US rate hikes could slow ‘as soon as’ December: Fed Chief

According to Federal Reserve Chair Jerome Powell, the US central bank may halt the pace of interest rate hikes “as soon as” December as its drive to contain inflation permeates the economy.


In remarks likely designed to emphasise the Federal Reserve’s single-minded emphasis on battling persistent inflation, Chair Jerome Powell suggested Wednesday that the Fed will raise rates higher than initially anticipated and maintain them there for a long time.

In addition, Powell hinted that the Fed might only raise its benchmark interest rate by a half-point at its December meeting after four consecutive three-quarter point hikes in a written address to be read at the Brookings Institution. Powell also emphasised that the modest boost shouldn’t be interpreted as a hint that the Fed will soon give up on the fight against inflation.

“It is likely that restoring price stability will require holding (interest rates) at a restrictive level for some time,” Powell said. “History cautions strongly against prematurely loosening policy.”

Powell noted that there has been some good news on inflation, as prices for items like vehicles, furniture, and appliances have declined. Additionally, he predicted that housing expenses, which account for nearly a third of the CPI, will likely decrease in the coming year.

But the price of services, such as eating out, travelling, and receiving medical attention, is still rising quickly and will probably be far more difficult to control, he said.

“Despite some promising developments, we have a long way to go in restoring price stability,” Powell said.

He said that growing wages—which have been increasing at the quickest rate in four decades, before accounting for inflation—are mostly to blame for the increase in services costs. According to Powell, the labour shortage that started during the pandemic and is unlikely to go away very soon is partly to blame for the strong pay increases.

According to him, the lack of workers is due to an increase in early retirements, the COVID-19 epidemic that killed thousands of individuals in their working years, a steep fall in immigration, and slower population growth.

“Wage growth remains well above levels that would be consistent with 2% inflation over time,” Powell said.

According to the inflation report from last month, prices jumped 7.7% in October compared to a year earlier, which put a burden on many families’ finances. However, it is down from a peak of 9.1% in June.
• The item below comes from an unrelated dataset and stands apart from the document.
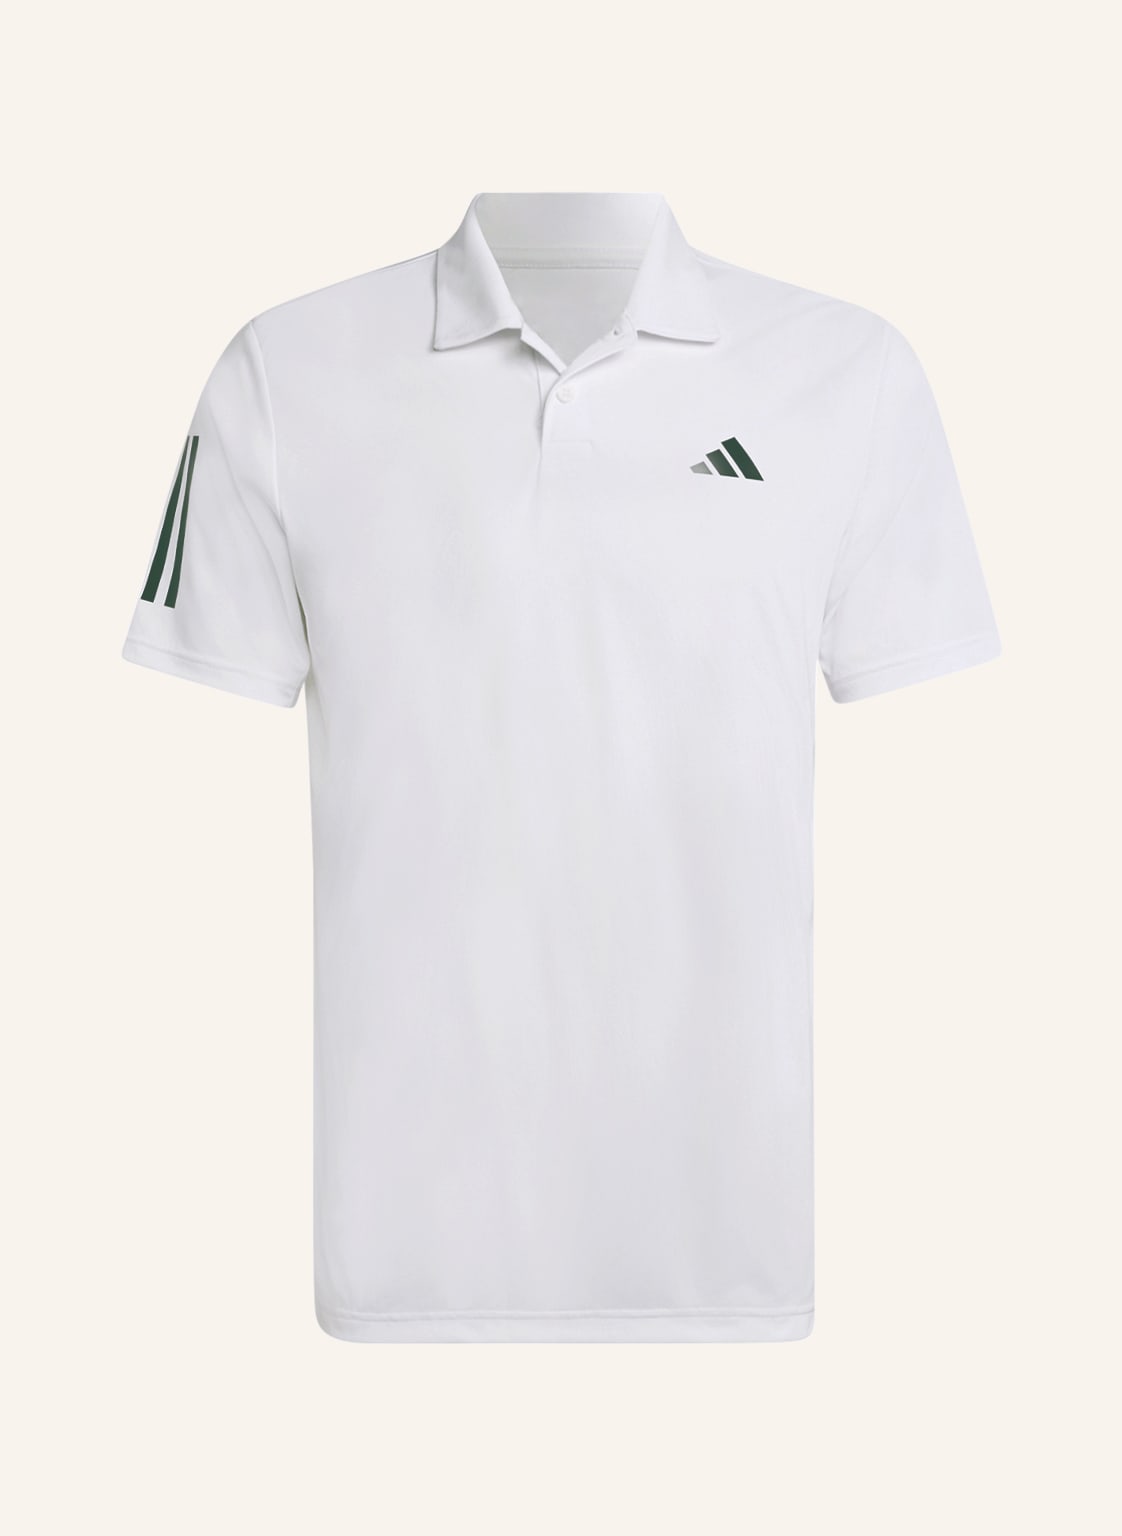 Image of Adidas Funktions-Poloshirt Club Mit Mesh weiss

The Federal Reserve increased its benchmark interest rate six times this year, bringing it to a range of 3.75% to 4%, the highest level in fifteen years. These hikes have driven up the costs for the majority of other consumer and commercial loans and substantially increased mortgage rates, which have decreased home sales.

In September, Fed officials predicted that they would eventually raise their short-term rate to a range of 4.5% to 4.75% by the following year. Powell predicted that rates would likely rise above that level. Numerous economists predict that the Fed’s benchmark rate will instead increase to between 5% and 5.25%.

Officials at the Fed believe that by restricting credit, they can lower hiring and wage growth, slow inflation, and cut down consumer and business expenditure. Powell said that despite the Fed’s efforts, demand will need to remain subdued “for a protracted period.”

The Federal Reserve raised interest rates by a whopping three-quarters of a point during its most recent meeting in November. However, Powell indicated at the time that the following gain would probably only be a half-point, still a big improvement. Interest rates are typically adjusted by the central bank in quarter-point steps.